La balade se poursuit dans la sinistre crèche. Maintenant nous sommes flanqués d’un gardien qui ressemble tellement à un gorille que j’ai presque envie d’aller lui acheter des cacahuètes.

Nous allons dans le quartier des condamnés à mort.

Un sale quartier, croyez-moi.

Je juge le moment venu pour brandir mon bréviaire.

S’agit de faire vrai :

Une petite porte…

— C’est là…

Le gardien l’ouvre et je pénètre dans une pièce étroite, plus que sommairement meublée.

Le fils Rolle est là.

C’est un grand garçon, brun, aux yeux clairs et énergiques.

Il est assis sur un escabeau et il semble rêvasser. Ici, les condamnés à mort savent le jour du procès, la date de leur exécution, alors ils ont la possibilité de réfléchir à tous les problèmes de la terre et à ceux du ciel…

Lorsque je pénètre dans sa piaule, il se dresse légèrement.

Un voile passe sur ses yeux. Il a un sourire amer.

Et il me bonnit une brusque tirade en anglais.

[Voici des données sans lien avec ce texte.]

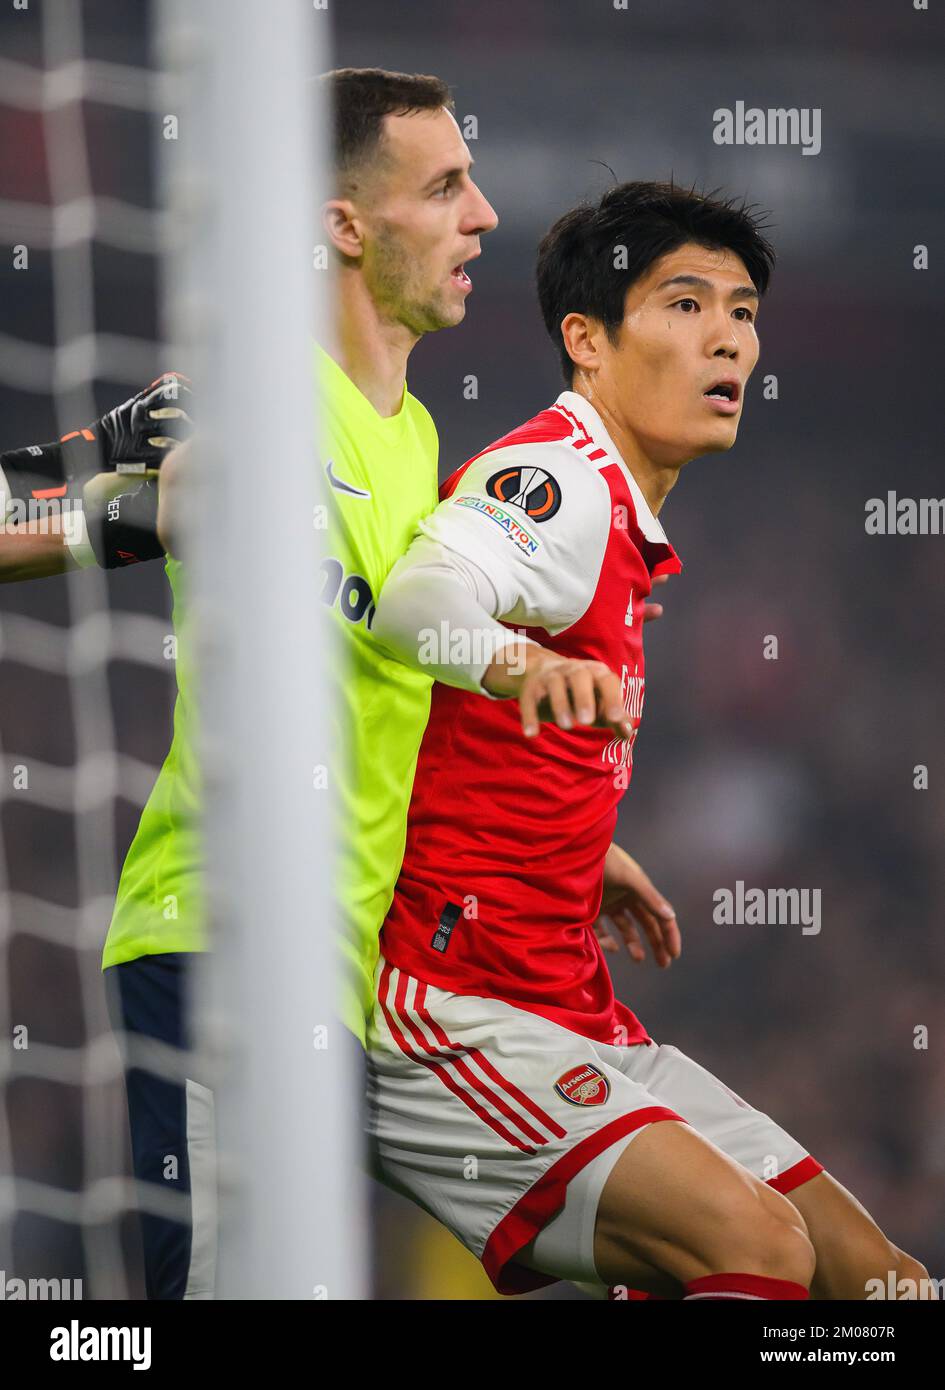 03 Nov 2022 - Arsenal v FC Zurich - UEFA Europa League - Group A - Emirates Stadium   Arsenal's Takehiro Tomiyasu during the match against FC Zurich Picture : Mark Pain / Alamy Stock Photo

Comme je n’y entrave que pouic, je hausse les épaules.

— Te casse pas la nénette, fiston, je murmure… J’ai jamais été doué pour les langues étrangères…

Il reste le bec ouvert.

— Vous êtes Français ?

— Aussi Français que des gars qui s’appellent Durand depuis cent seize générations !

Il hausse les épaules.

— L’administration pénitentiaire britannique fait décidément bien les choses, murmure Rolle. Elle offre des aumôniers d’importation à chaque étranger qu’elle va mettre à mort.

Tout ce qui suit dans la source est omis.